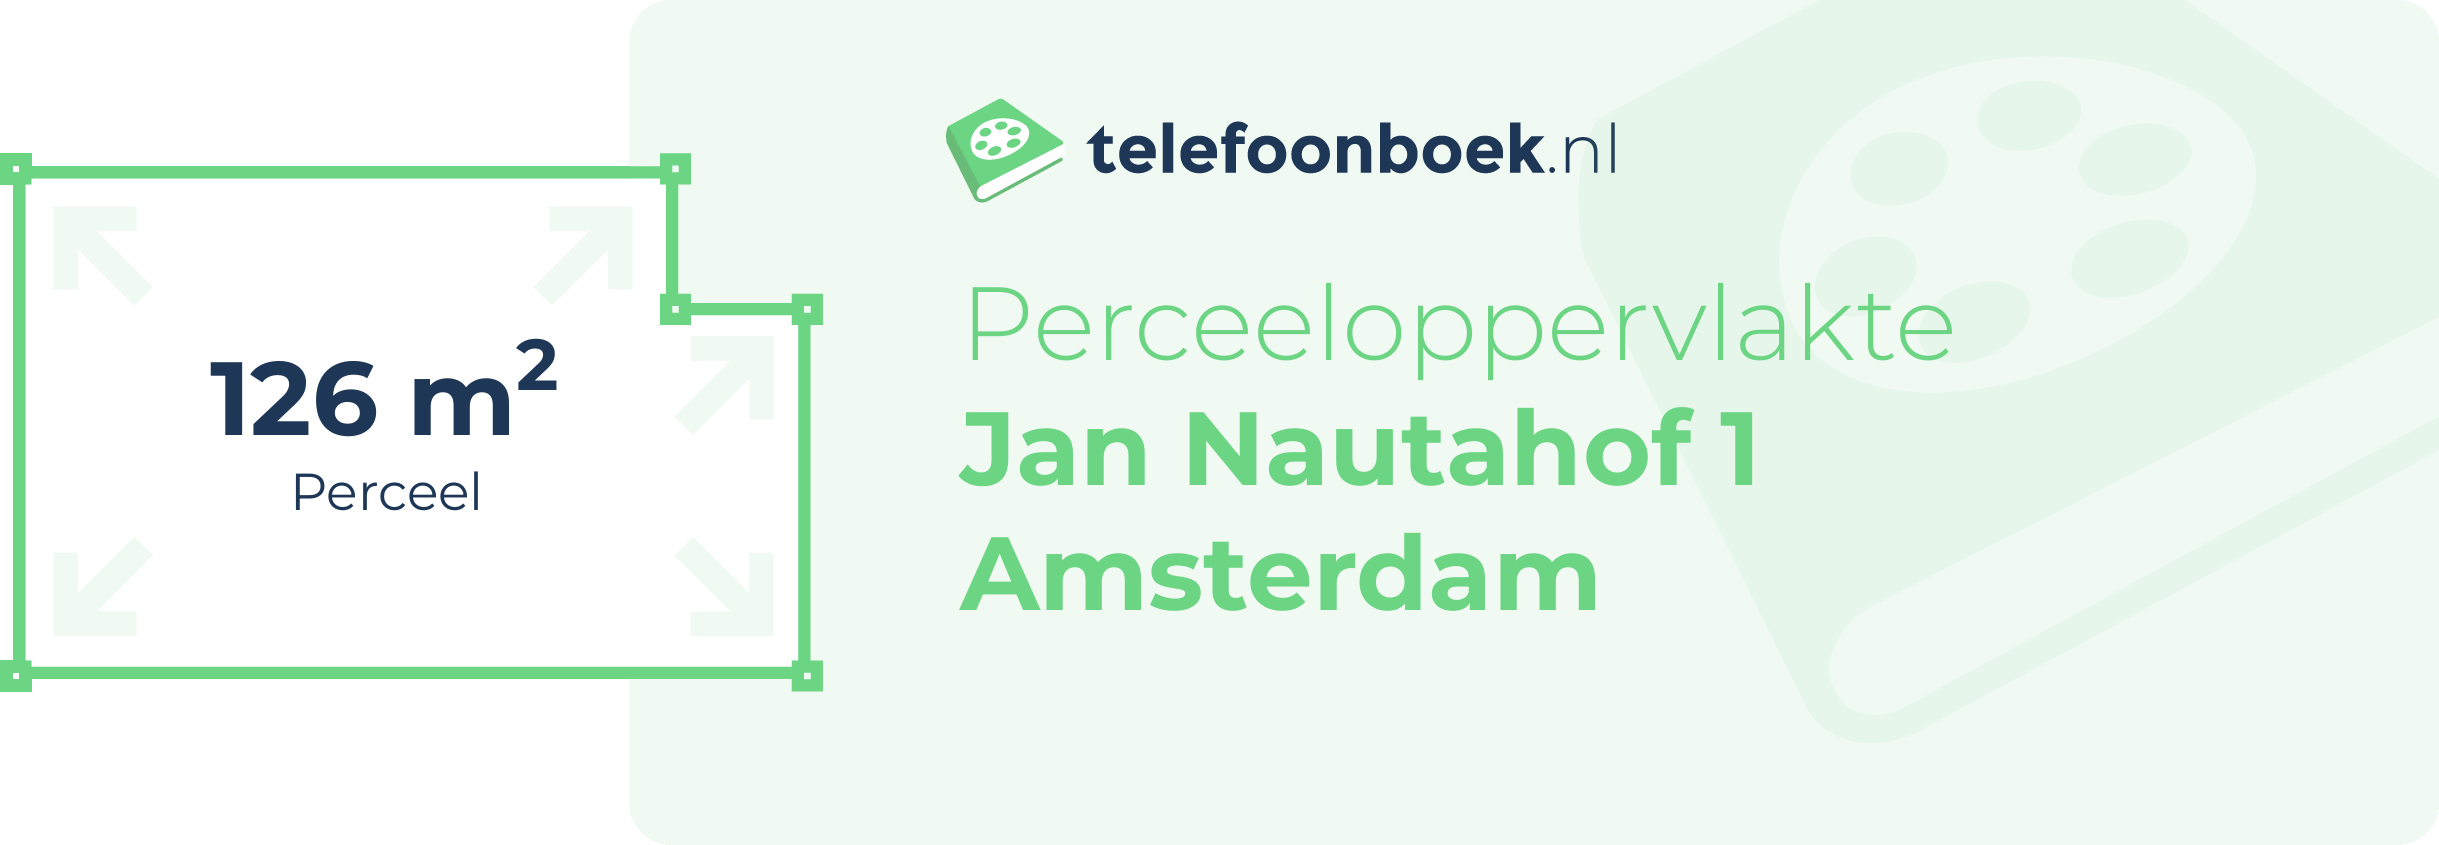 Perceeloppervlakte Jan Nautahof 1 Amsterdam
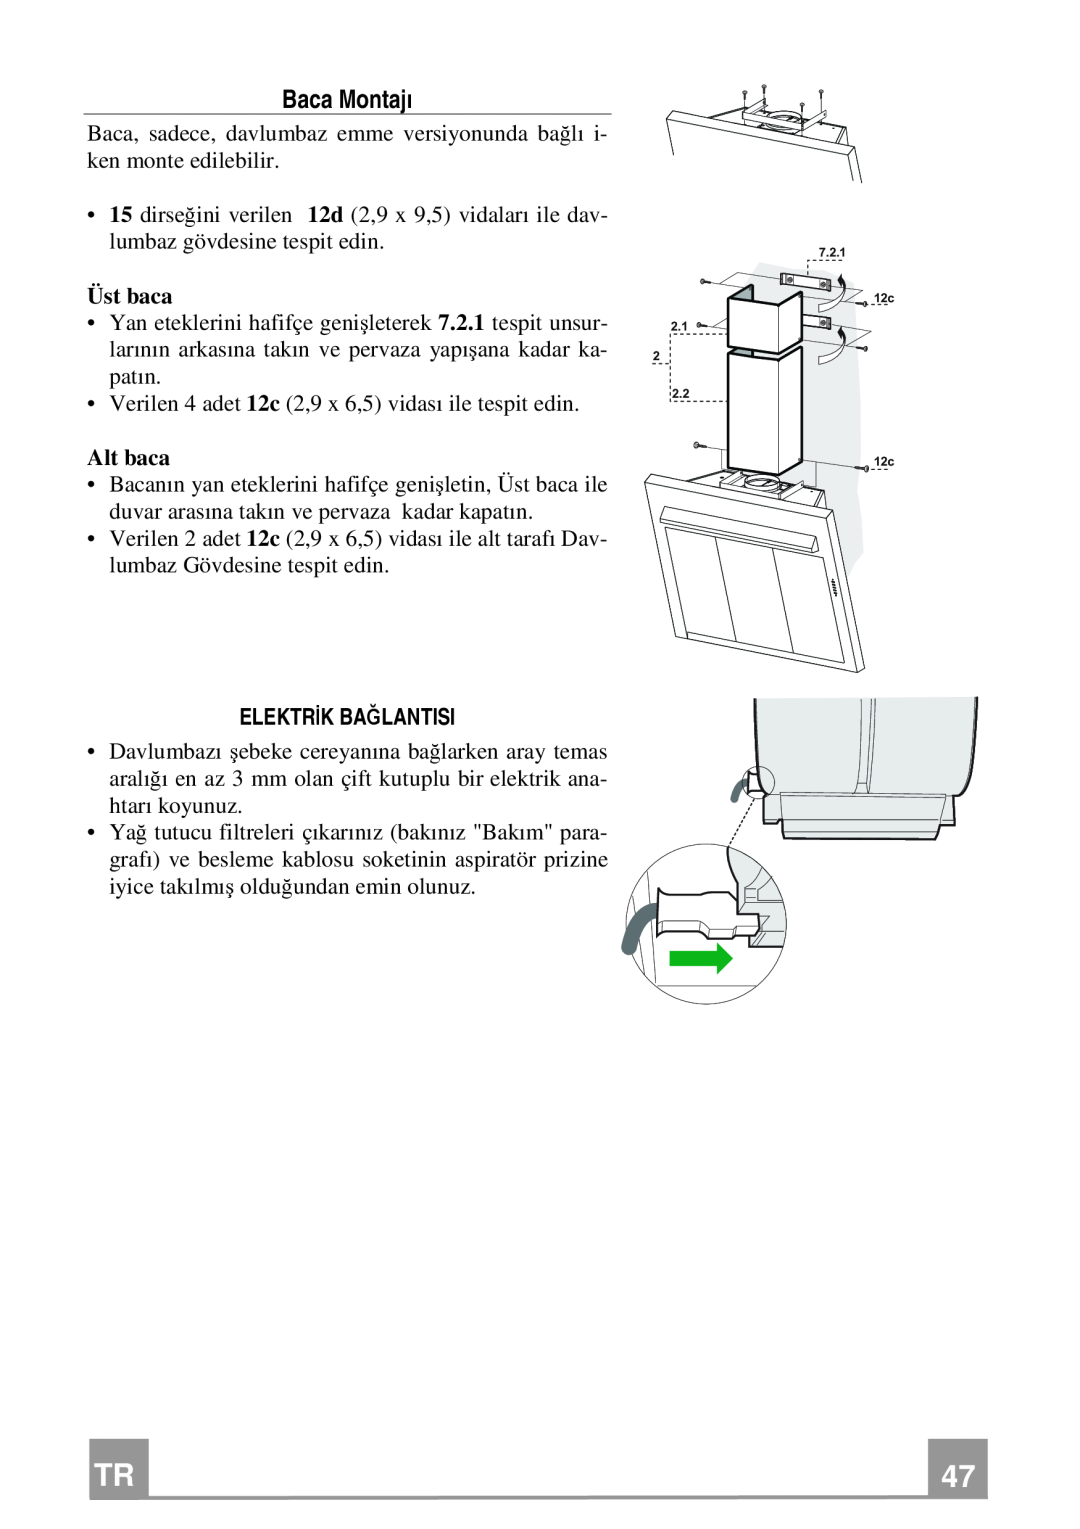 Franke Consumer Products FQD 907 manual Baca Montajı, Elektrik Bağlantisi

---

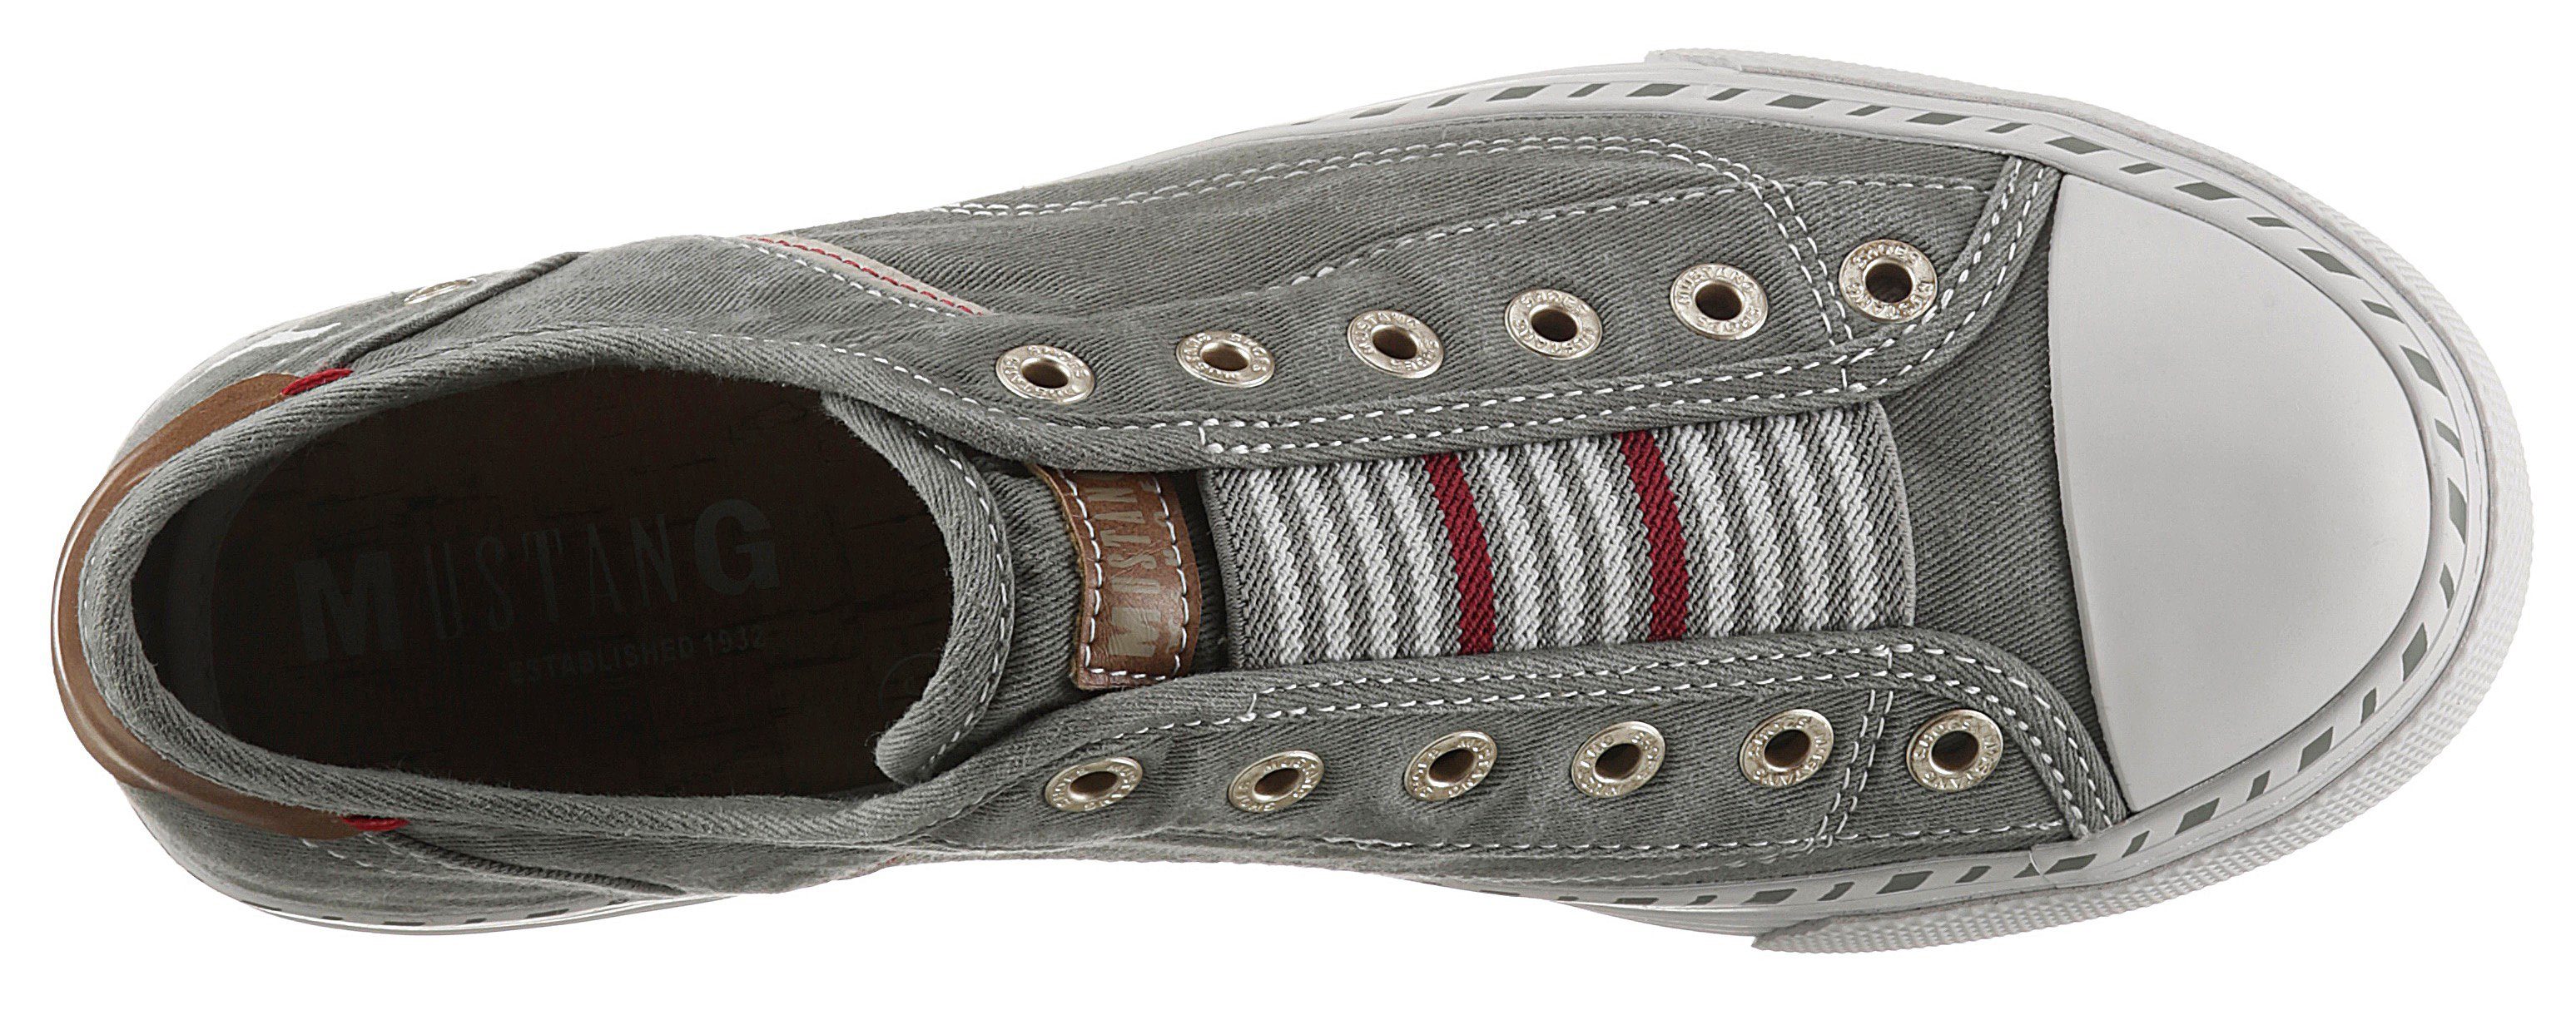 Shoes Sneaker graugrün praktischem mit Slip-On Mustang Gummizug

_Task requirements_. Within the entries above, give again exactly the lines starting at the one that contains "Perceeloppervlakte Jan Nautahof 1 Amsterdam" and ending at the one that contains "Franke Consumer Products", leaving out the pictures.

_Exercise solution_.
 Perceeloppervlakte Jan Nautahof 1 Amsterdam
 Franke Consumer Products FQD 907 manual Baca Montajı, Elektrik Bağlantisi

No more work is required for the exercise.